The rollout reached 200,000 employees within eight months, driven by an opt-in strategy that Chief Analytics Officer Derek Waldron describes as creating "healthy competition, driving viral adoption." The bank estimates up to $1.5 billion in annual value from its AI initiatives, with employees reporting 30–40% efficiency gains.

"We wanted to enable generative AI technology for the firm, but we wanted to do so in a very safe and secure way that made sure that we were able to understand the data lineage."

‍— Derek Waldron, Chief Analytics Officer, JPMorgan Chase

Shadow AI detection at JPMorgan was ultimately solved not by surveillance but by irrelevance. When the sanctioned tool is genuinely better than what an employee could find on their own, the demand signal gets channeled rather than suppressed.

Guardian Treats Governance as a Maturity Problem

The MIT CISR (Center for Information Systems Research) reframes the lack of appropriate AI governance and leadership buy-in as an organizational maturity problem, not a policy problem. When senior leaders tolerate unsanctioned AI use, they signal to the entire organization that governance is optional. The MIT CISR Enterprise AI Maturity Model, based on a survey of 721 companies, shows exactly what that signal costs.

The MIT CISR Enterprise AI Maturity Model, based on a survey of 721 companies, maps four stages of AI maturity to financial performance. Enterprises at Stage 3, where AI ways of working are scaled across the organization, outperform their industries by 11.3 percentage points on growth and 8.7 percentage points on profit above the industry average.

The jump from Stage 2 to Stage 3 is where most enterprises stall. The 2025 MIT CISR update identifies stewardship as the critical differentiator: embedding compliant and transparent AI practices by design, not as a compliance checkbox applied after the fact. Guardian Life Insurance is among the companies MIT CISR cites as actively navigating this transition.

The implication for shadow AI is direct. Organizations stuck at Stage 2 treat governance as a constraint on adoption. But organizations moving toward Stage 3 treat it as the mechanism that makes scaling possible. Building that governance architecture before incidents force the issue is the difference between leading on AI and cleaning up after it. Shadow AI is most entrenched where governance is treated as an afterthought, where senior leaders have not yet connected their own tolerance of unsanctioned tools to the maturity ceiling it creates.

What Should Your Organization Do About Shadow AI Risks?

The Samsung engineers who caused the breach at the top of this piece were not the problem. The same is true of the Amazon employees whose AI-assisted code outputs resembled proprietary data, and of the NSW contractor who uploaded 12,000 rows of flood victim records to a public chatbot. In each case, the organization had not given employees a better path.

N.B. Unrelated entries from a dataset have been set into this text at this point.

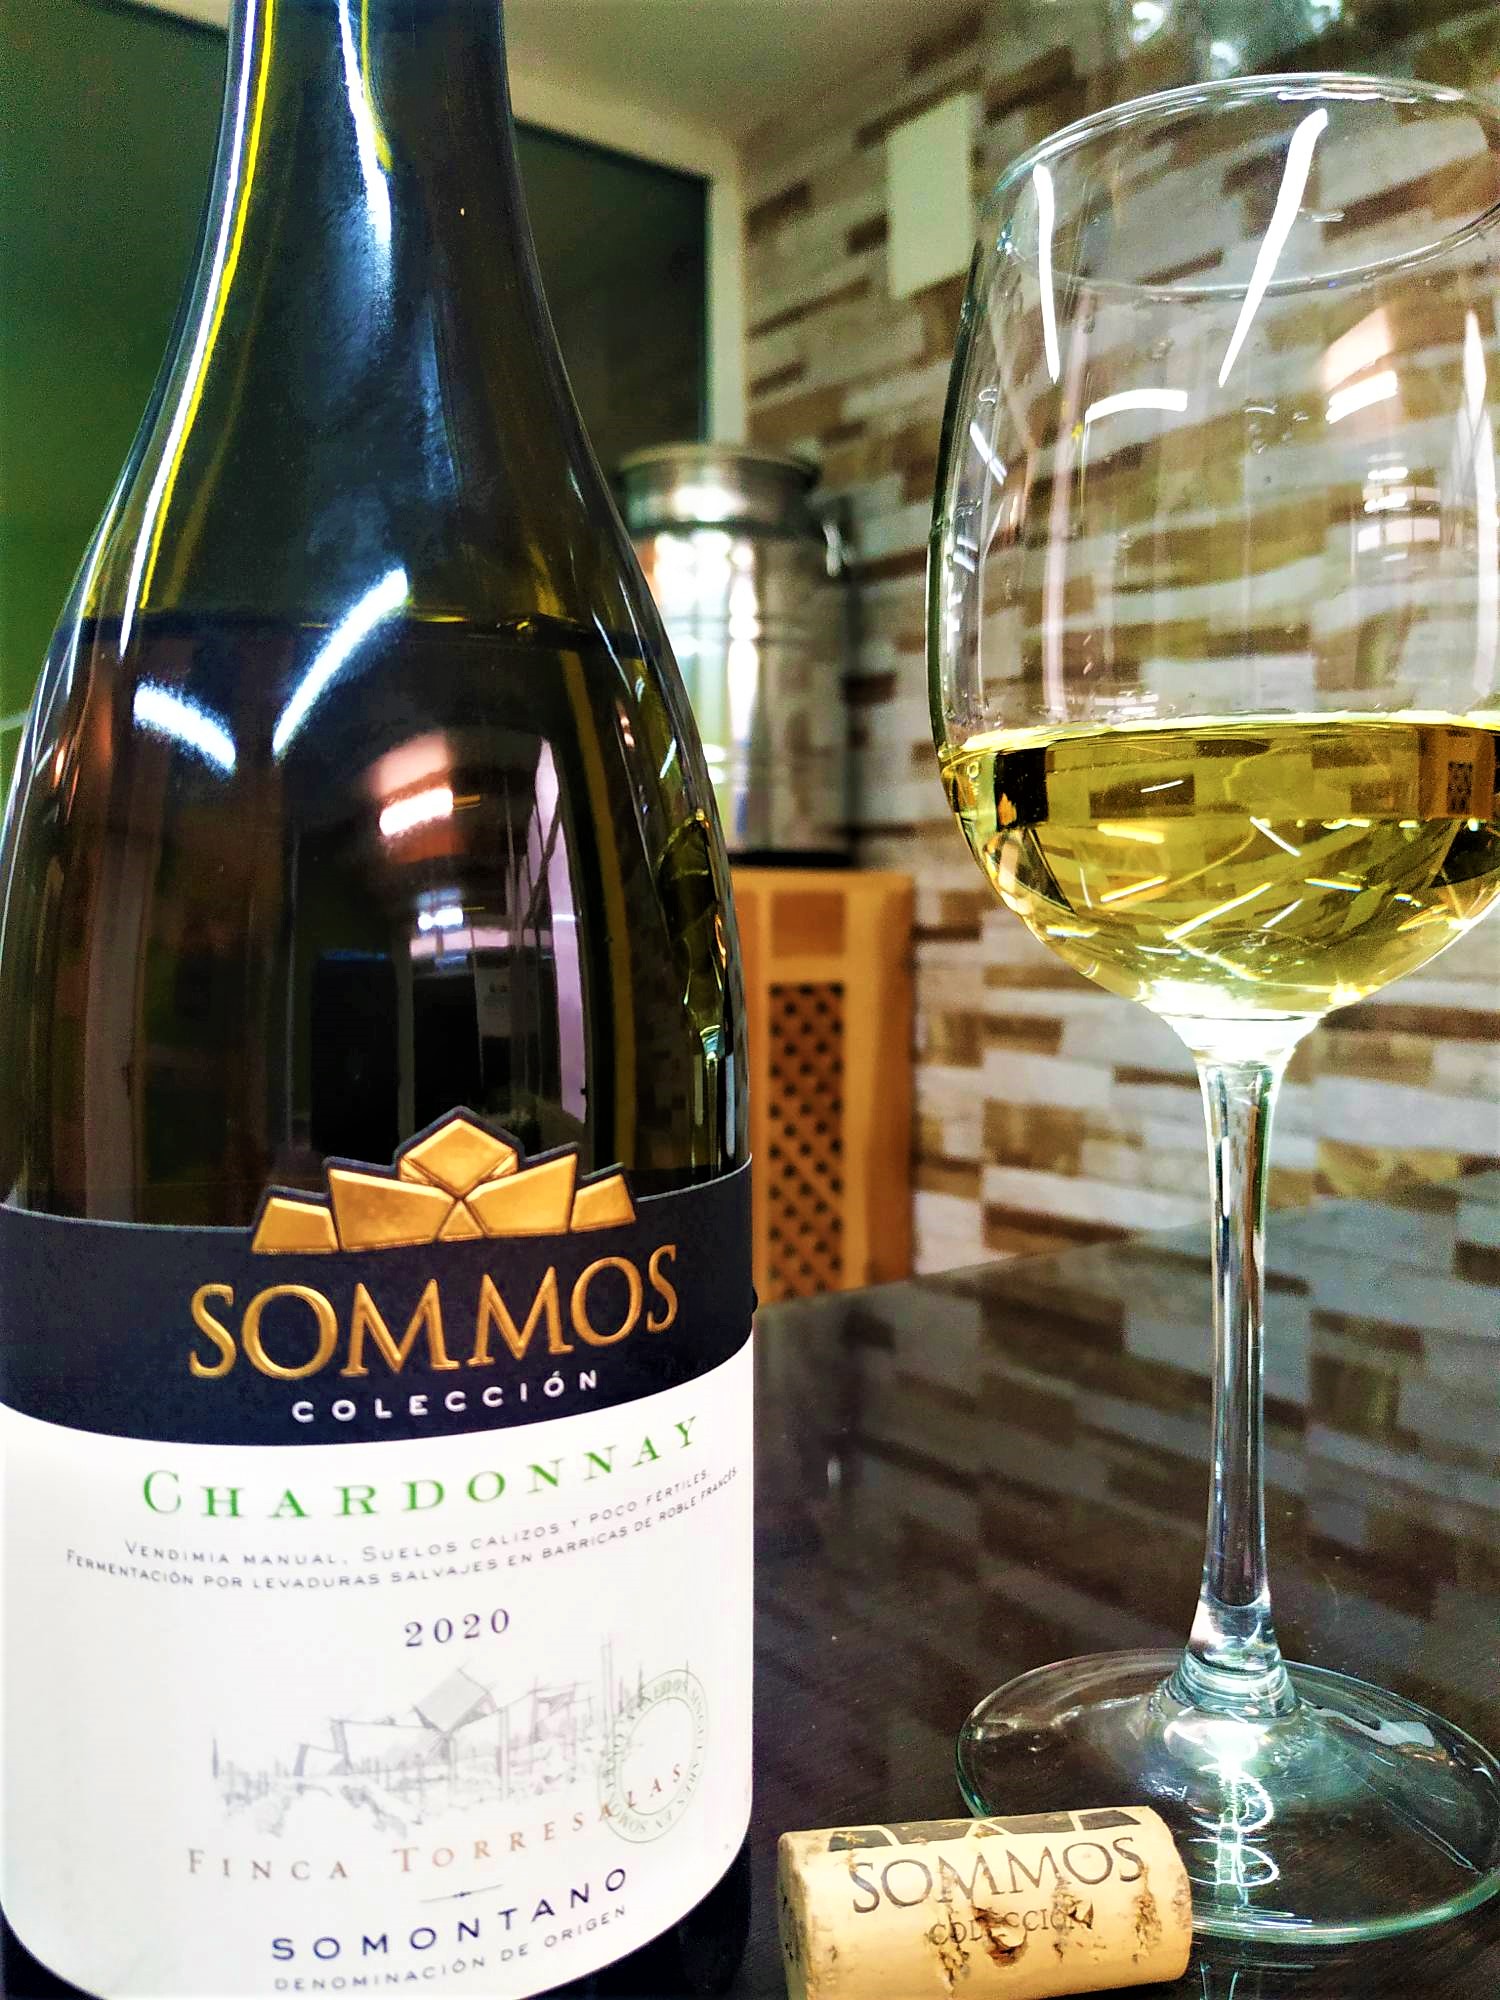 SOMMOS Colección Chardonnay 2020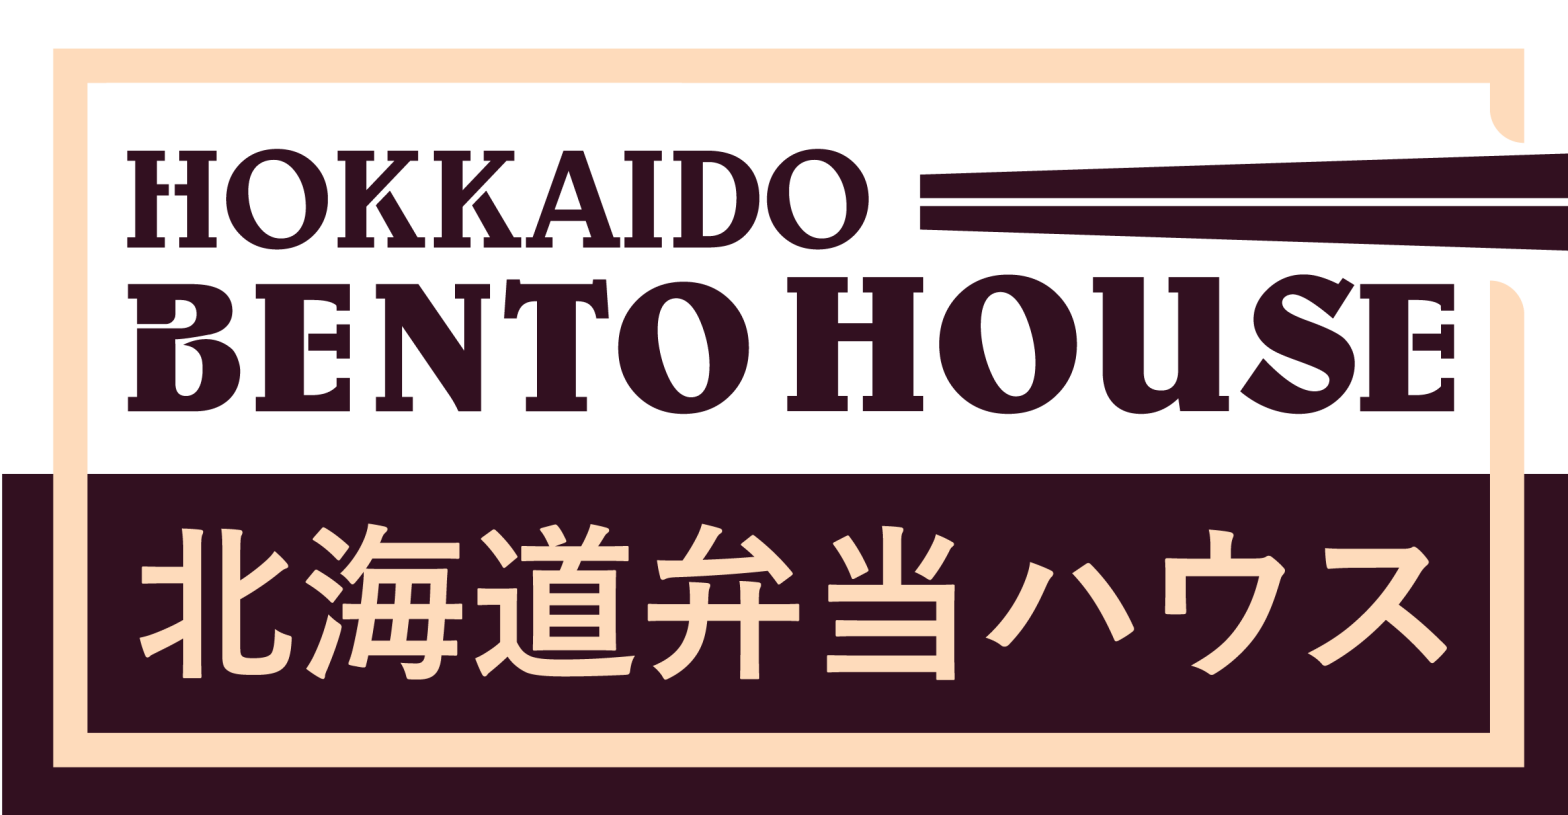 Hokkaido Bento House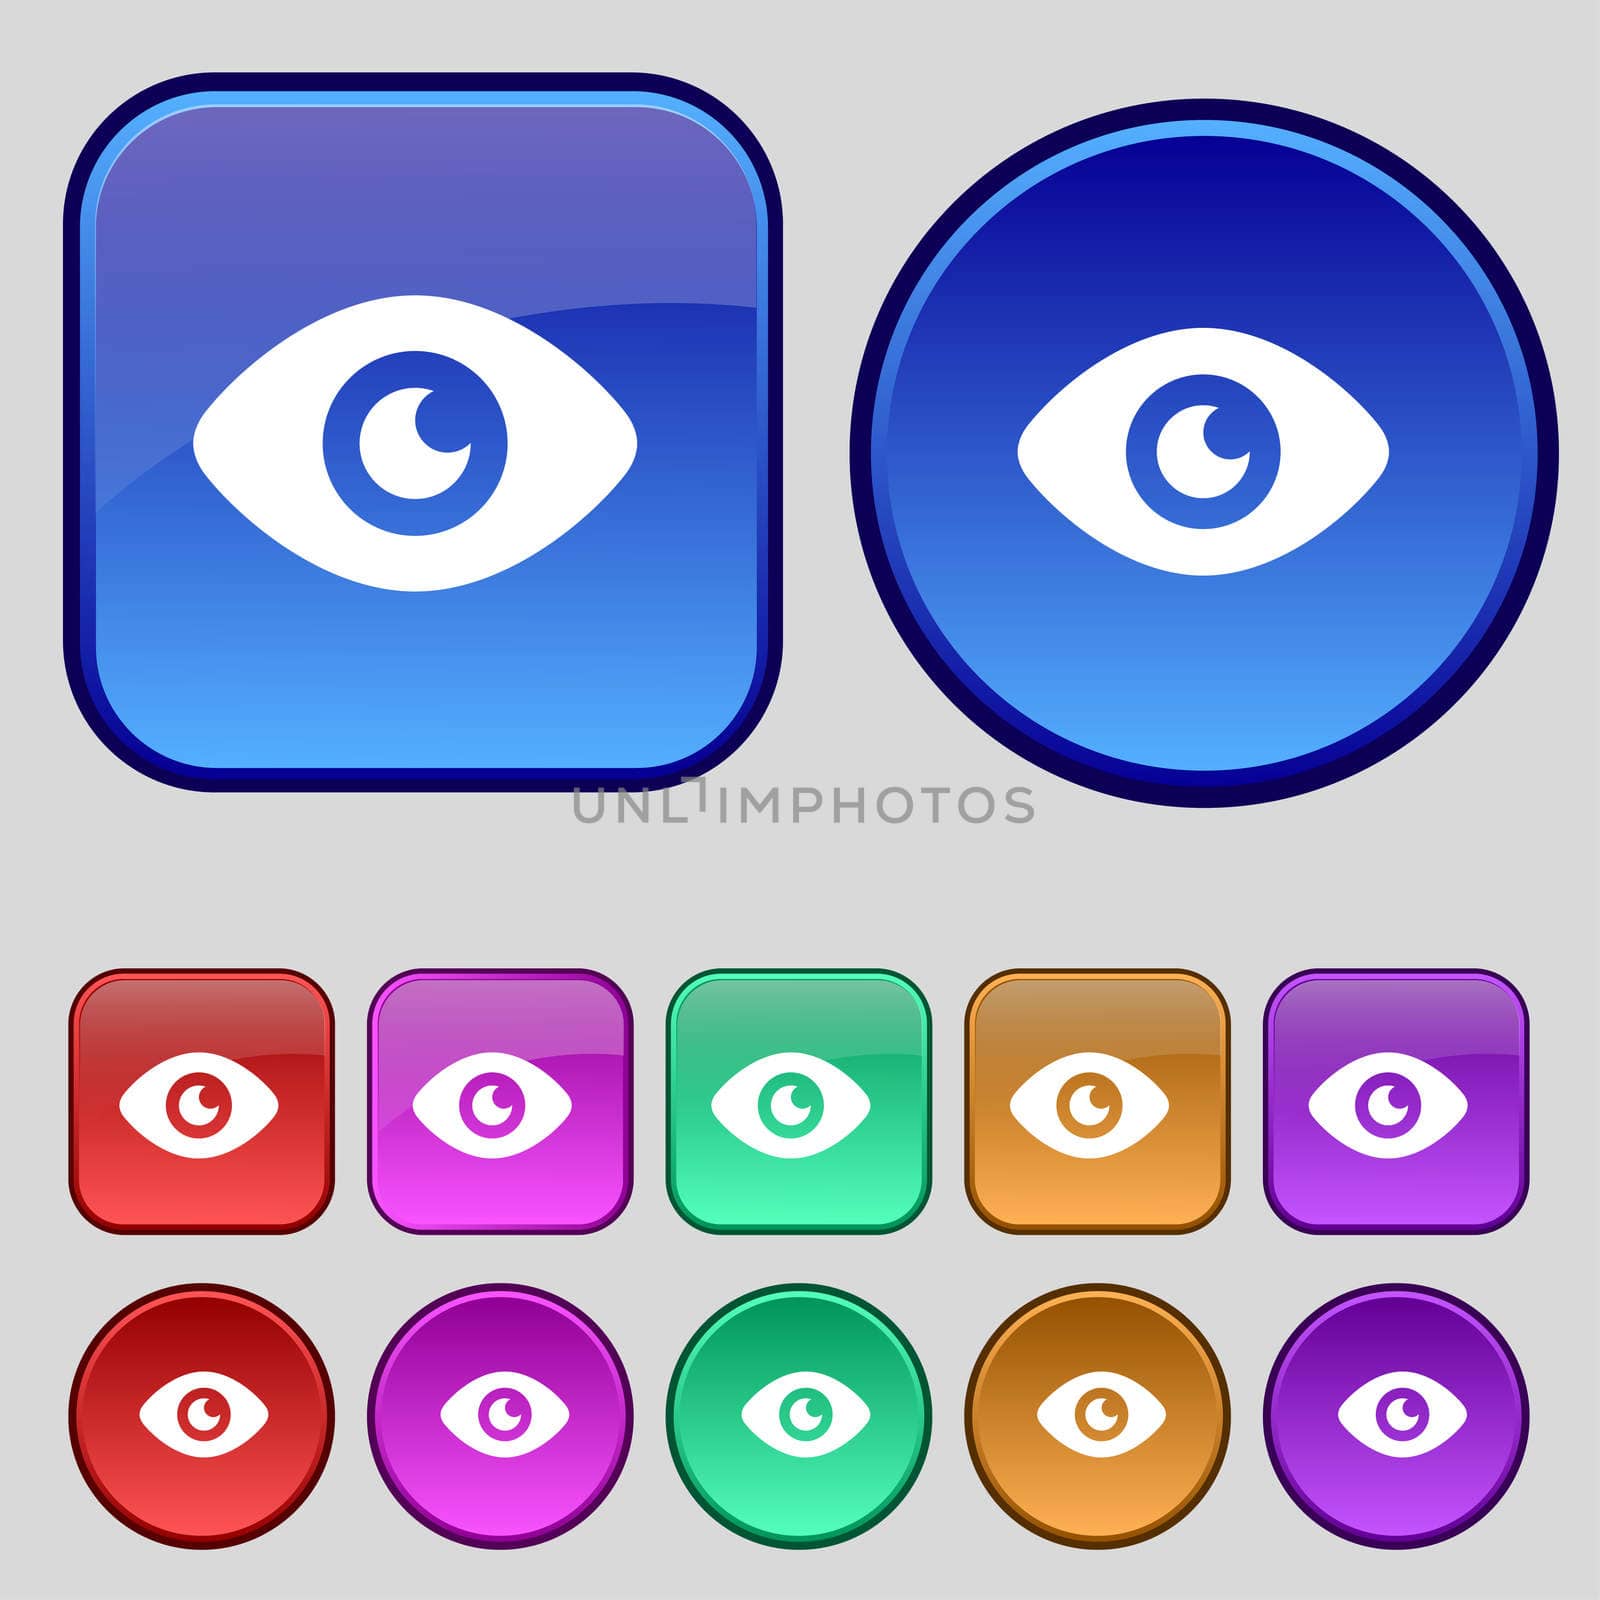 Eye, Publish content icon sign. A set of twelve vintage buttons for your design. illustration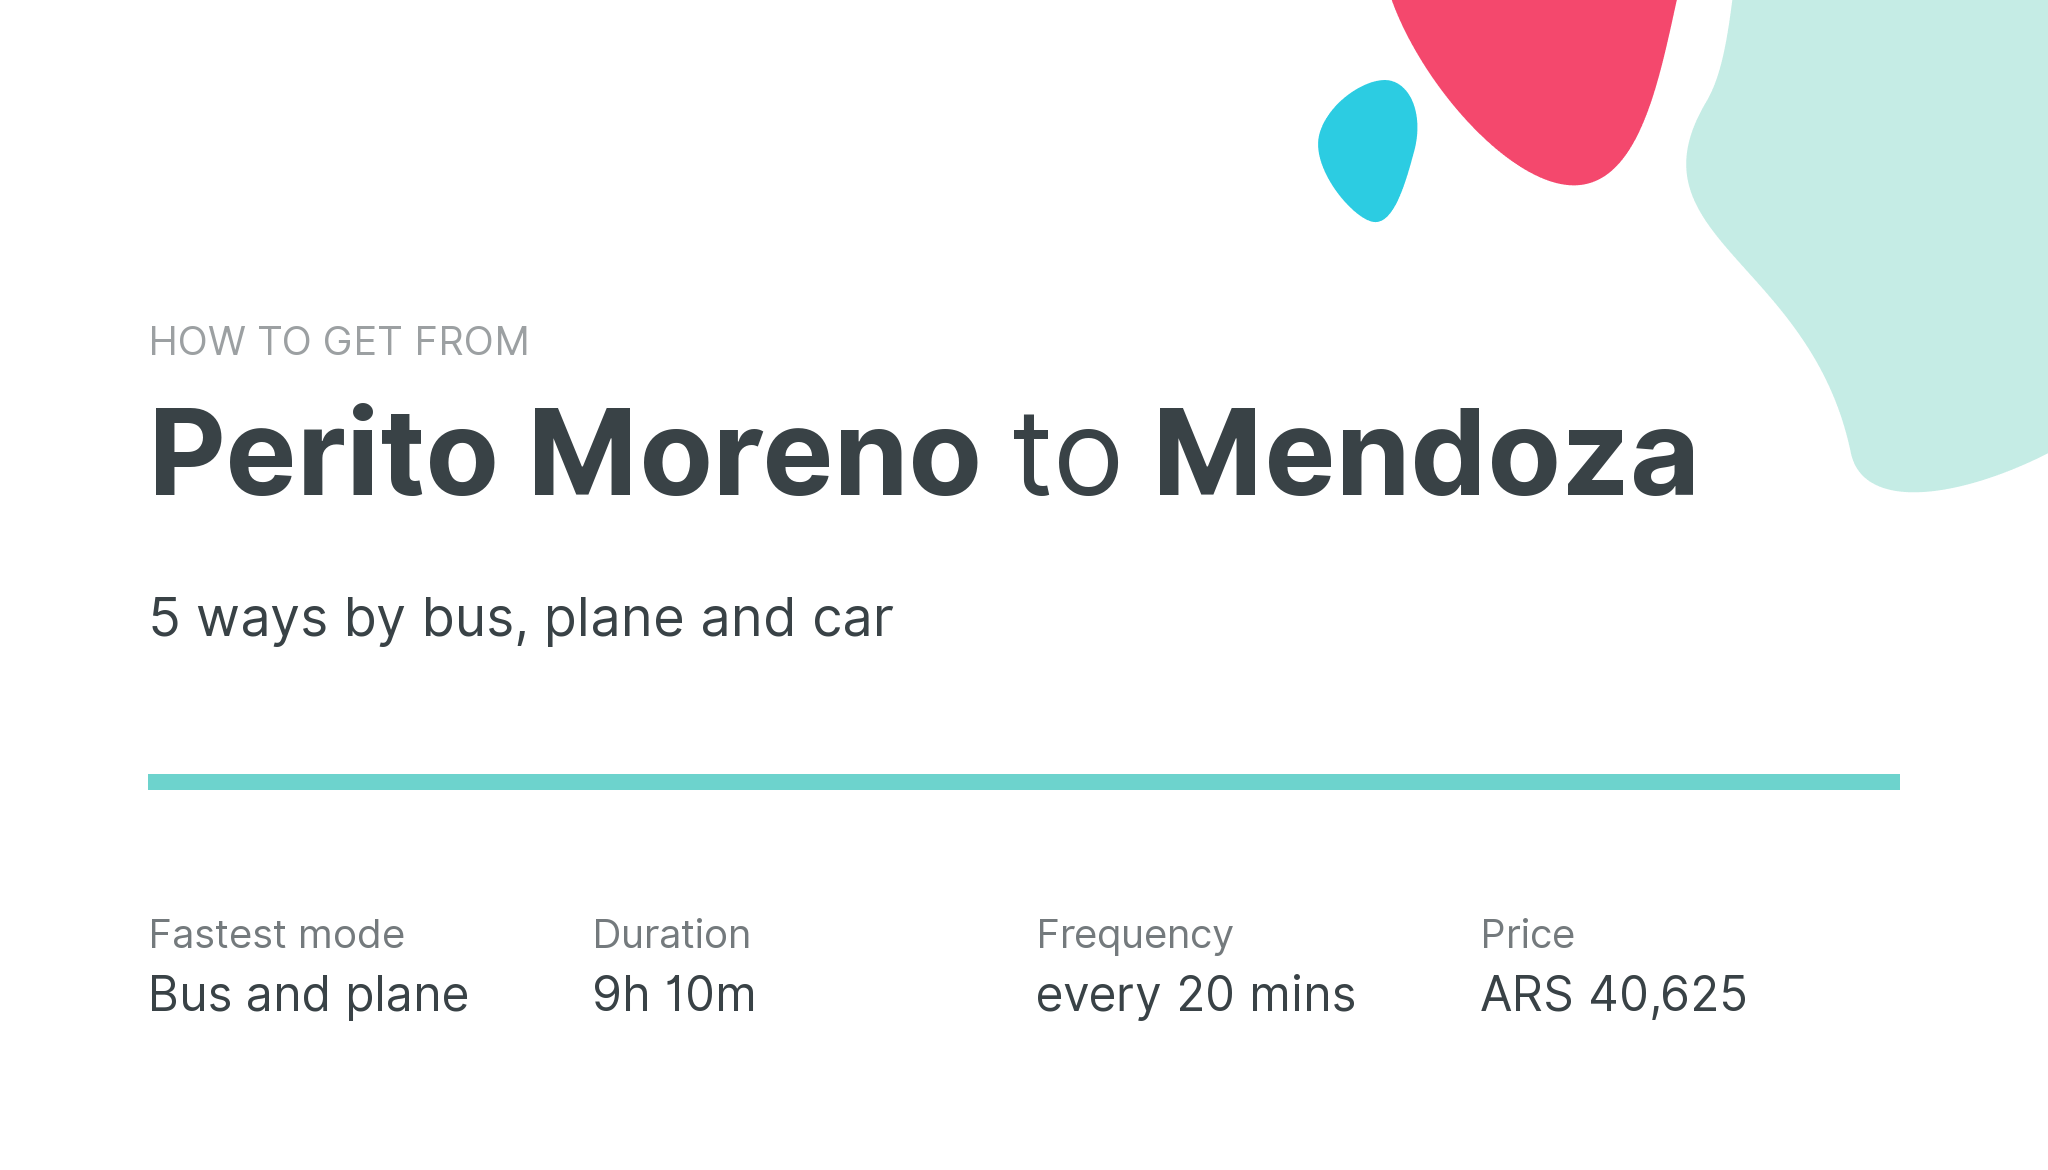 How do I get from Perito Moreno to Mendoza

The CIOs gaining ground on this have stopped asking how to stop employees from using unsanctioned AI and started asking a better question: Are our governed tools genuinely good enough? Microsoft's infrastructure makes shadow AI visible before data leaves the building. JPMorgan reached 200,000 users in eight months by building something employees preferred. Guardian Life and others are learning that governance embedded by design should be the default.

If your executives are among the 69% comfortable with unsanctioned AI, your governance program has a credibility problem that no policy document will fix. Shadow AI is a demand signal. The organizations reading it correctly are building programs; the ones ignoring it are building liability.